Exercise description: Transcribe every line below exactly; no image goes into the output.

Data excerpt:
——————

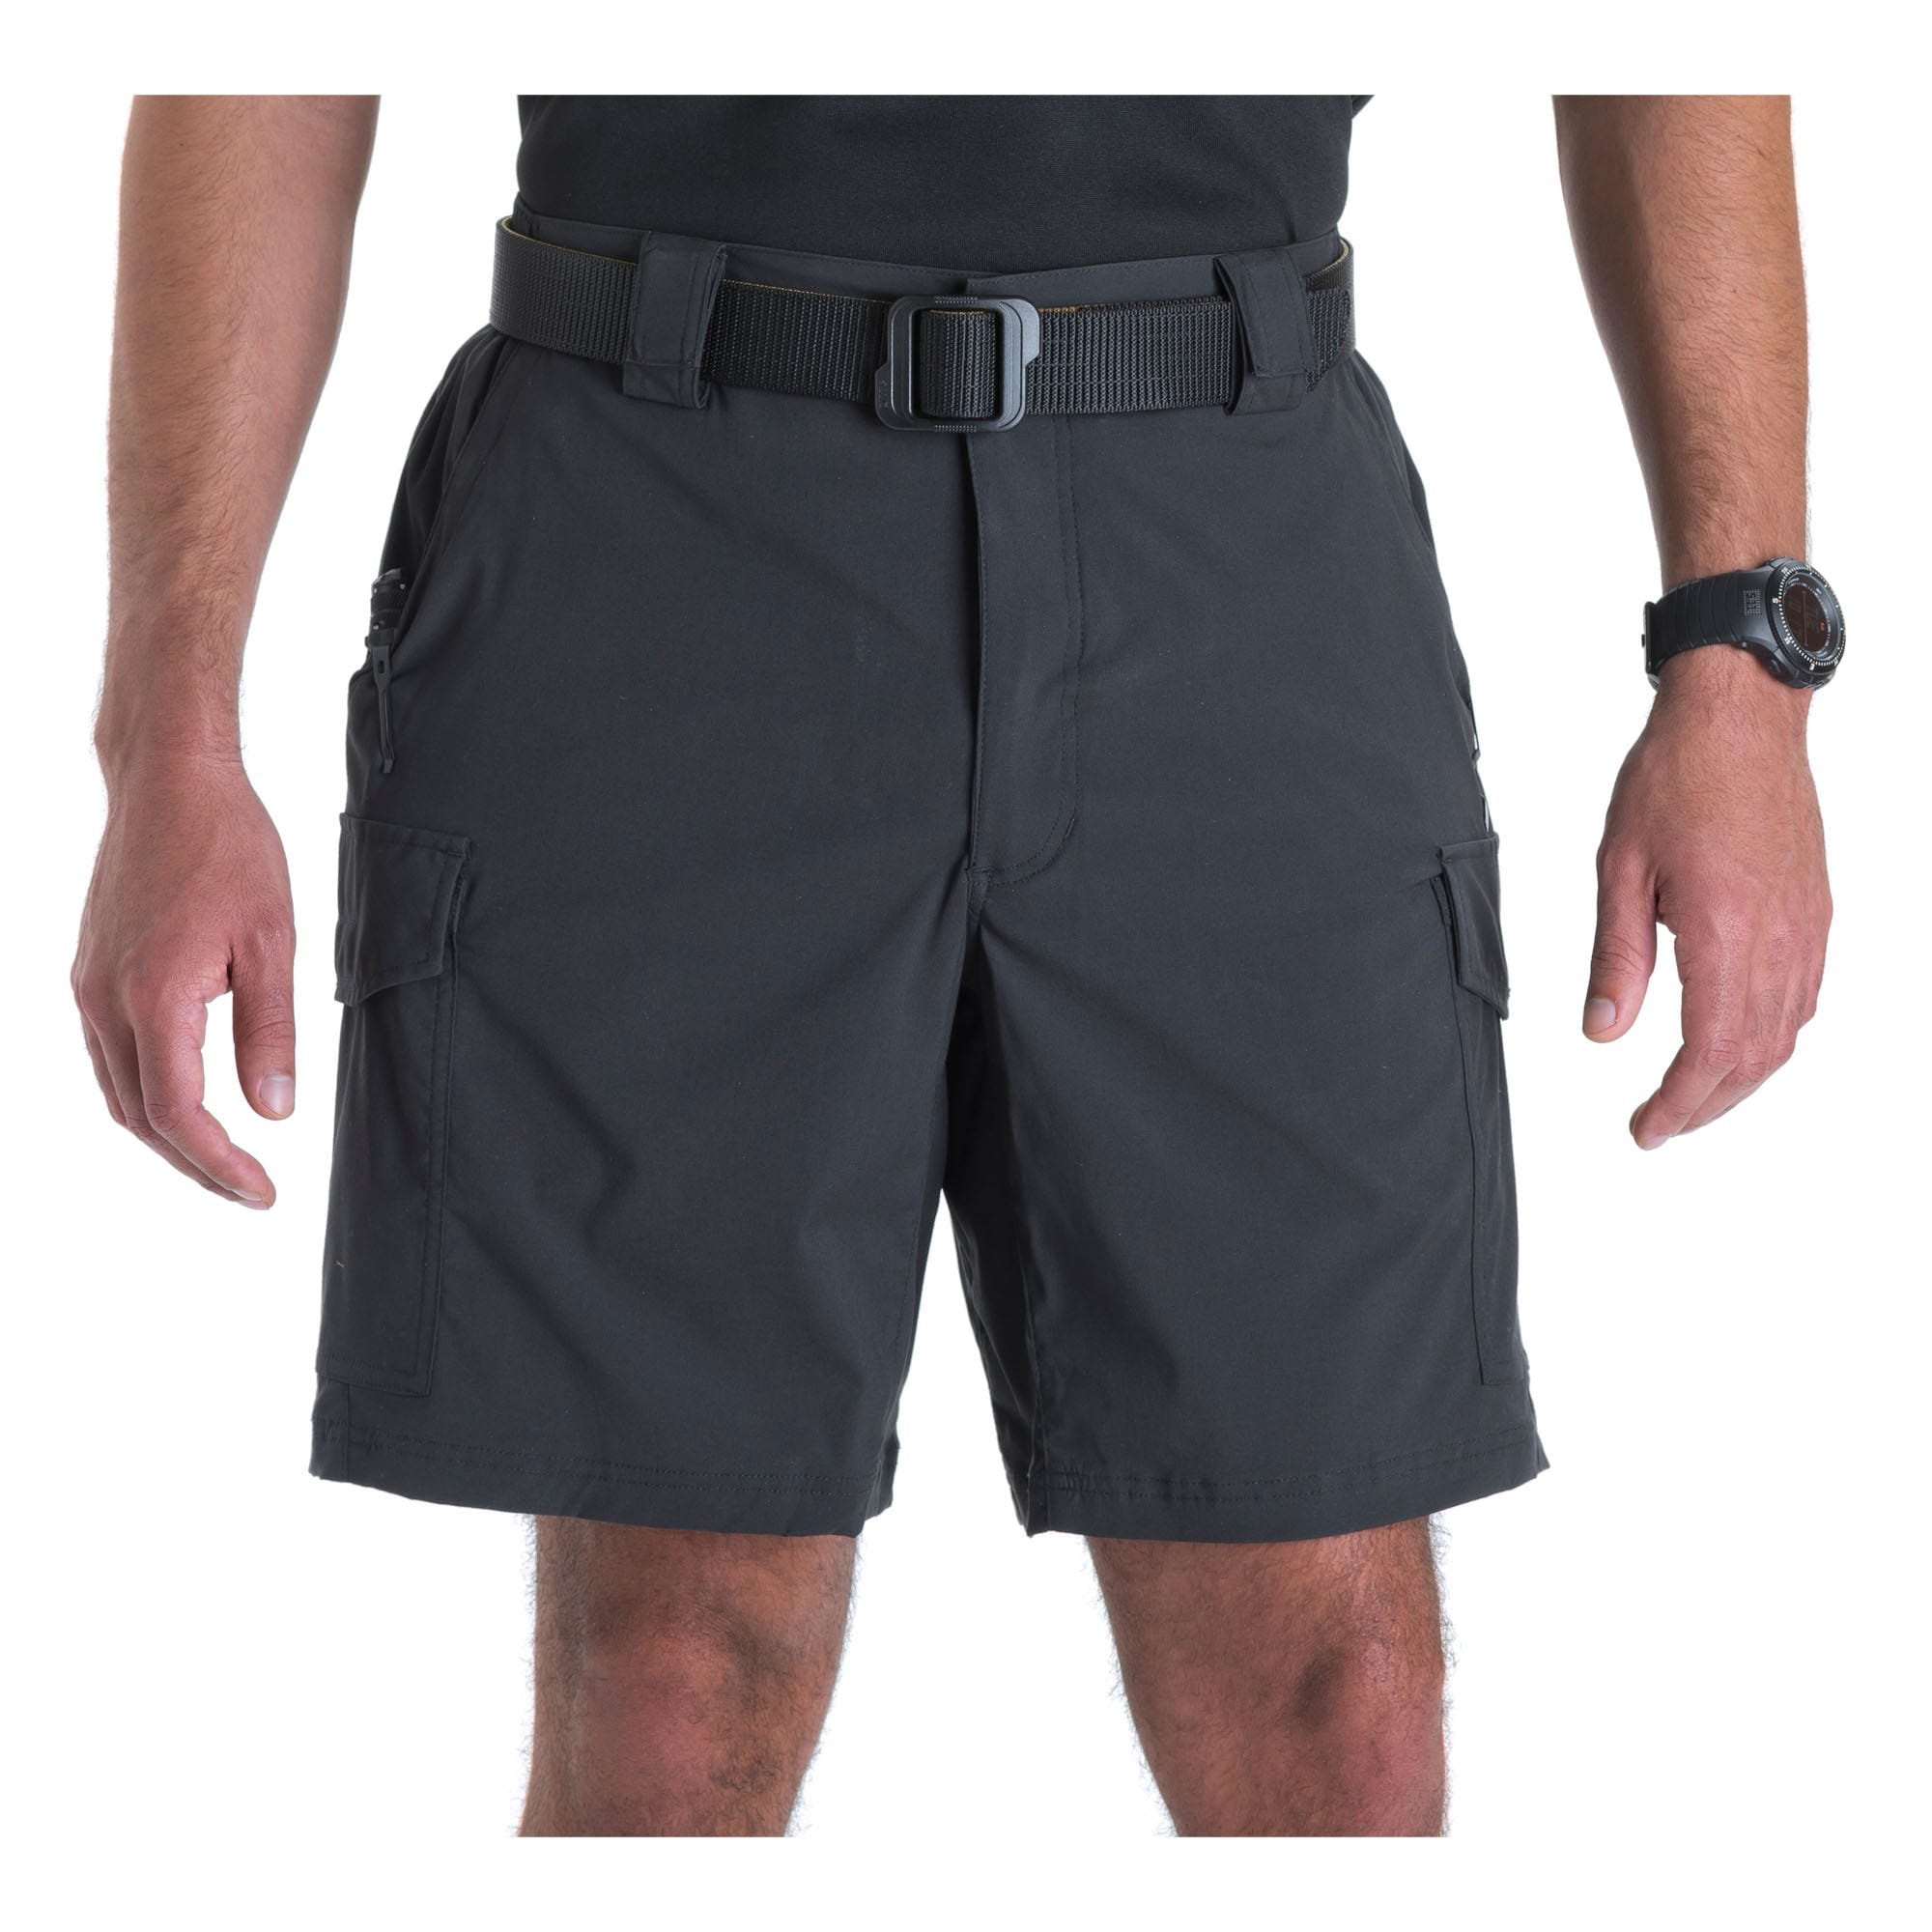 5.11 Work Gear Men's 9-Inch Inseam Bike Shorts, Nylon Spandex Fabric ...
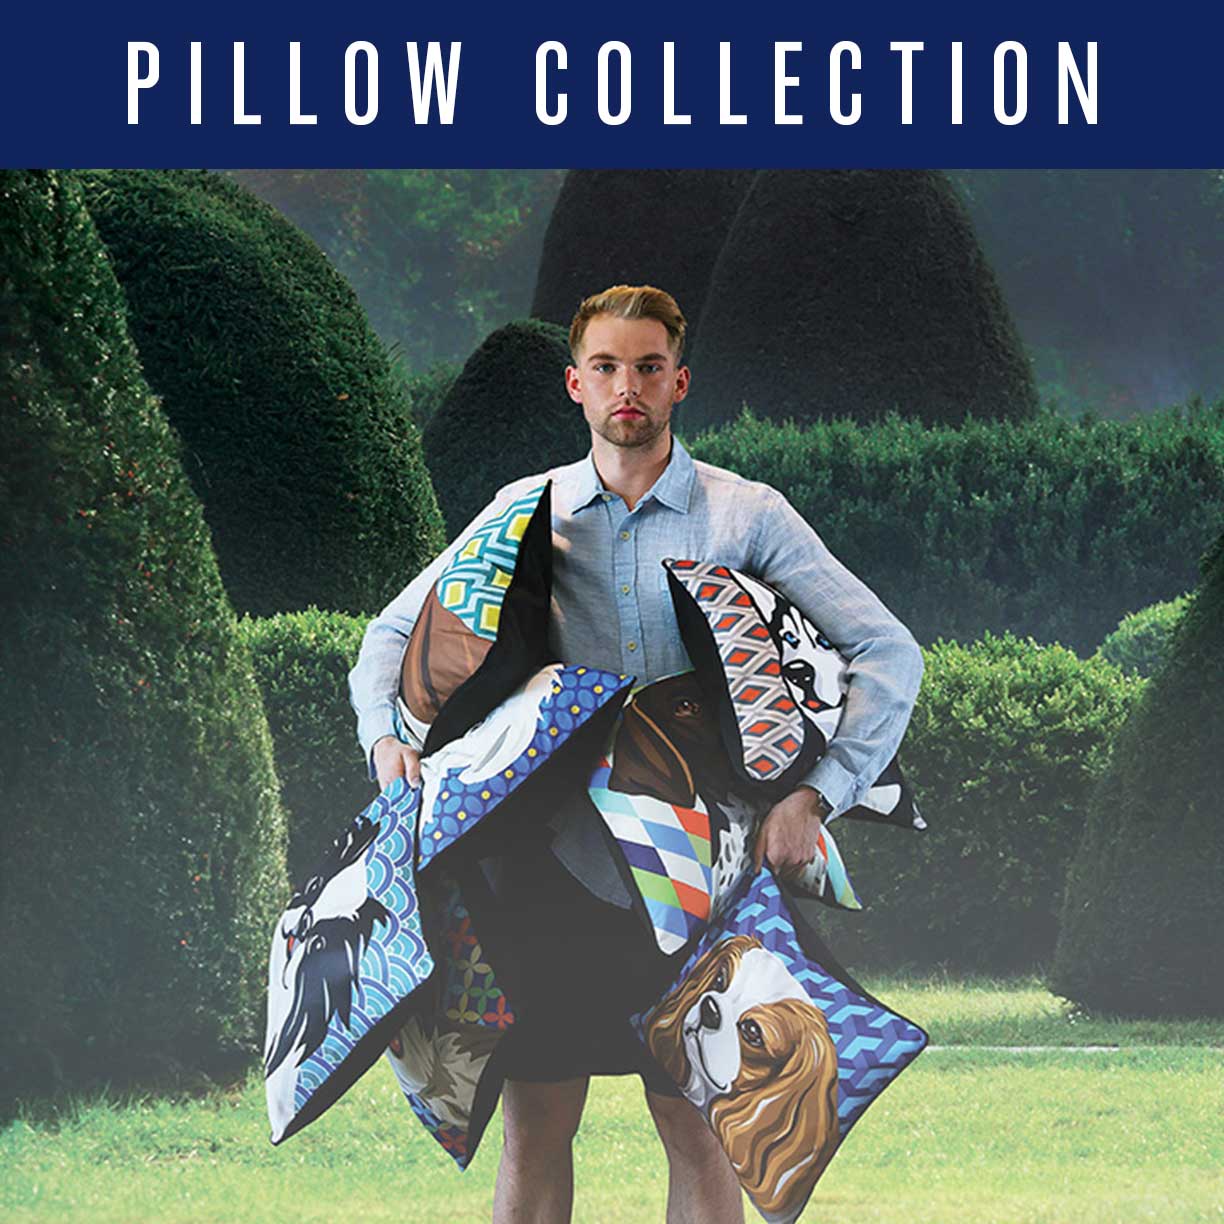 model holding pillows
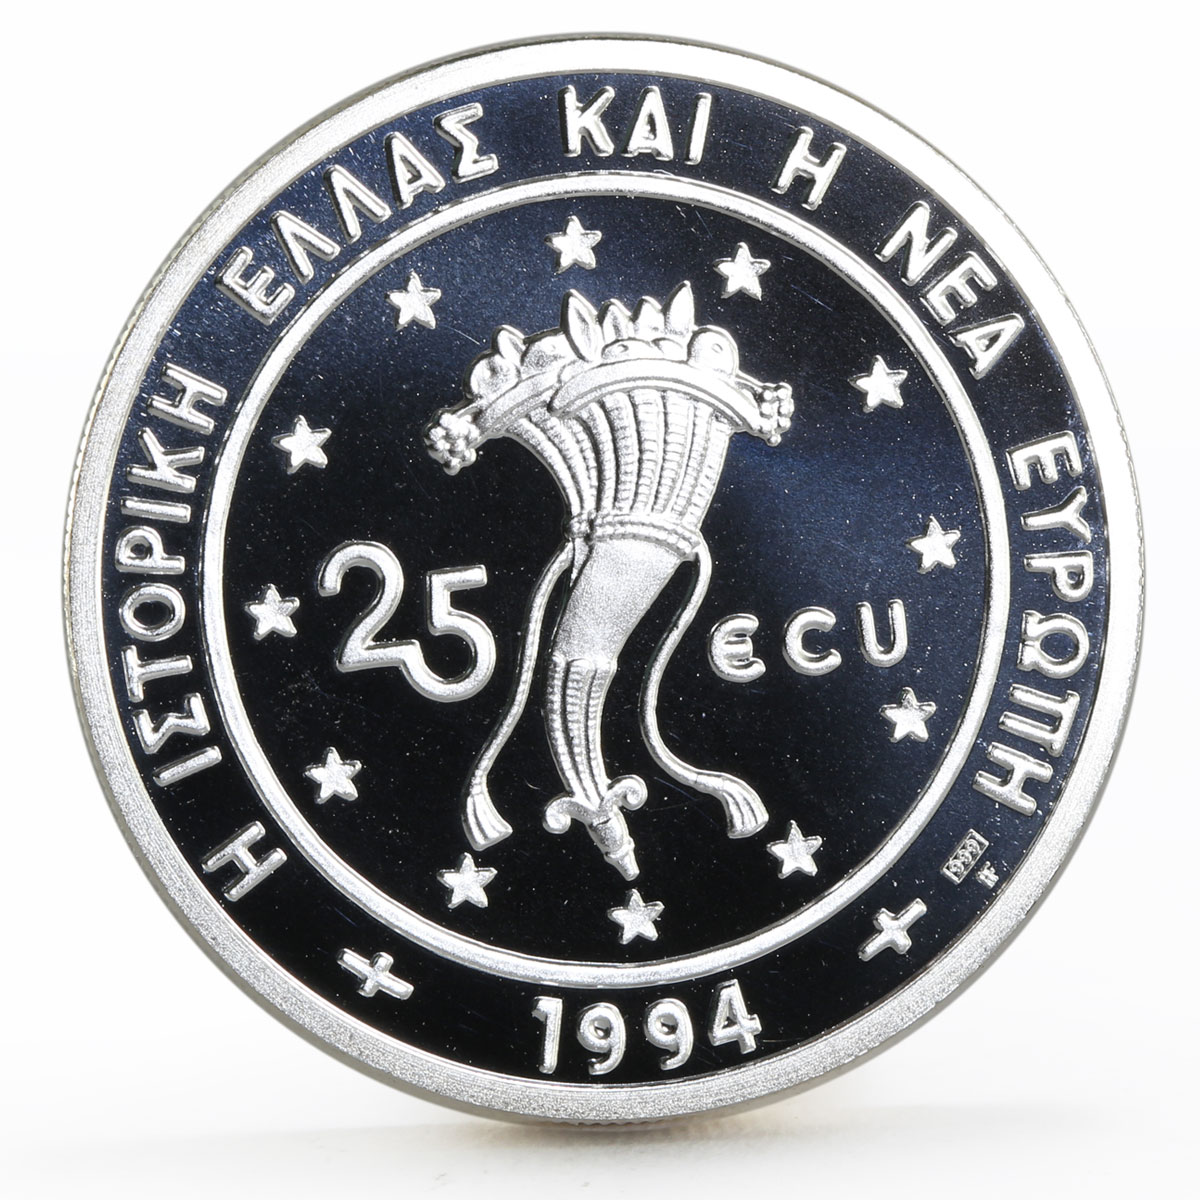 Greece 25 ecu Parthenon and a Woman proof silver coin 1994
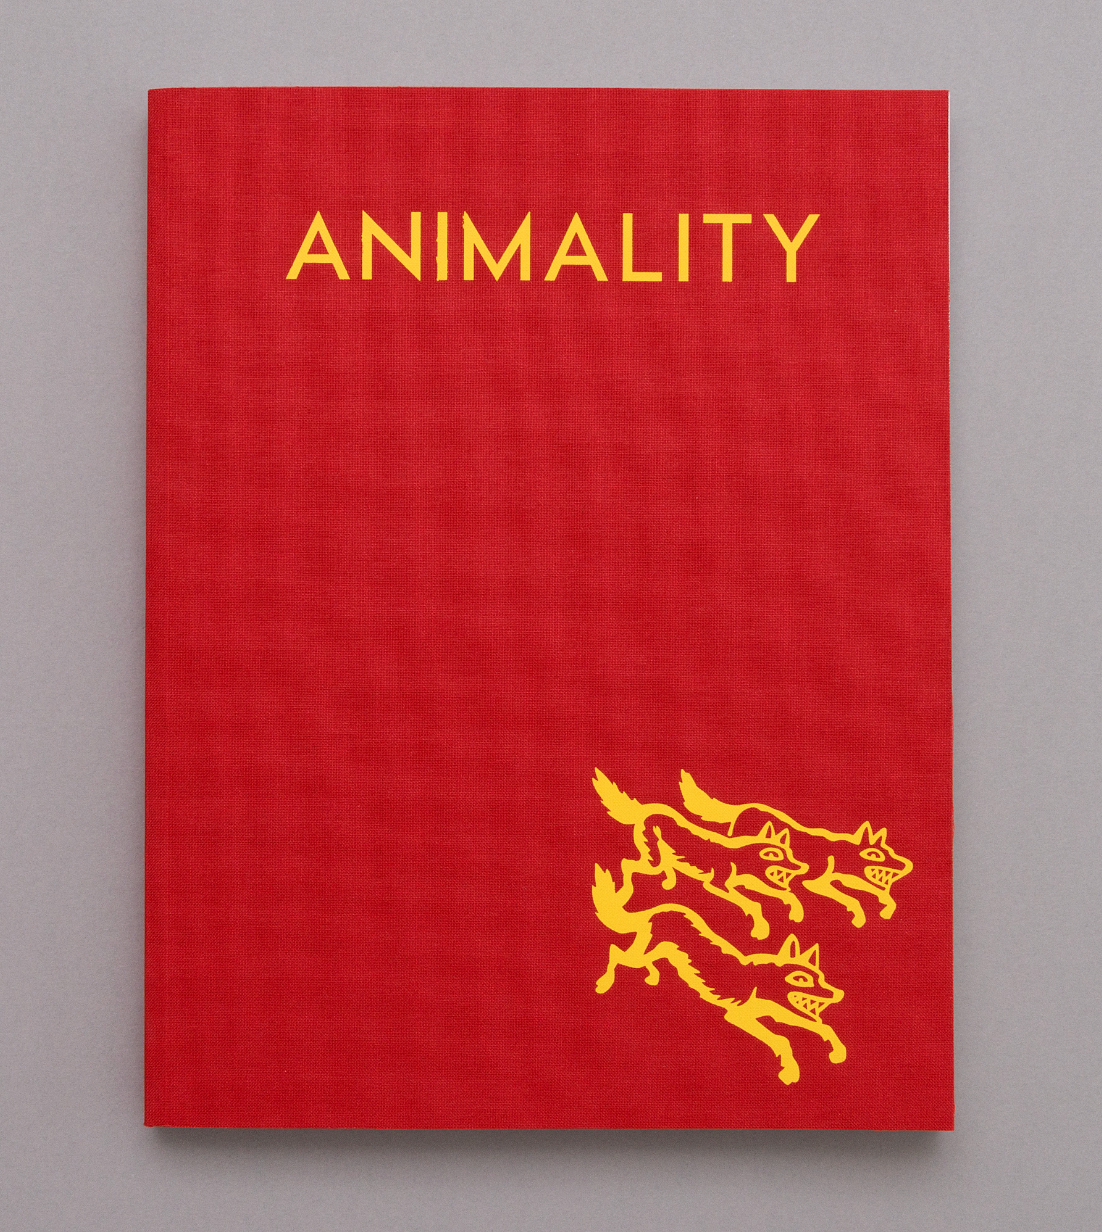 Animality - Marian Goodman Gallery

——————

Response:
 5.11 Work Gear Men's 9-Inch Inseam Bike Shorts, Nylon Spandex Fabric ...
 model holding pillows
 Greece 25 ecu Parthenon and a Woman proof silver coin 1994
 Animality - Marian Goodman Gallery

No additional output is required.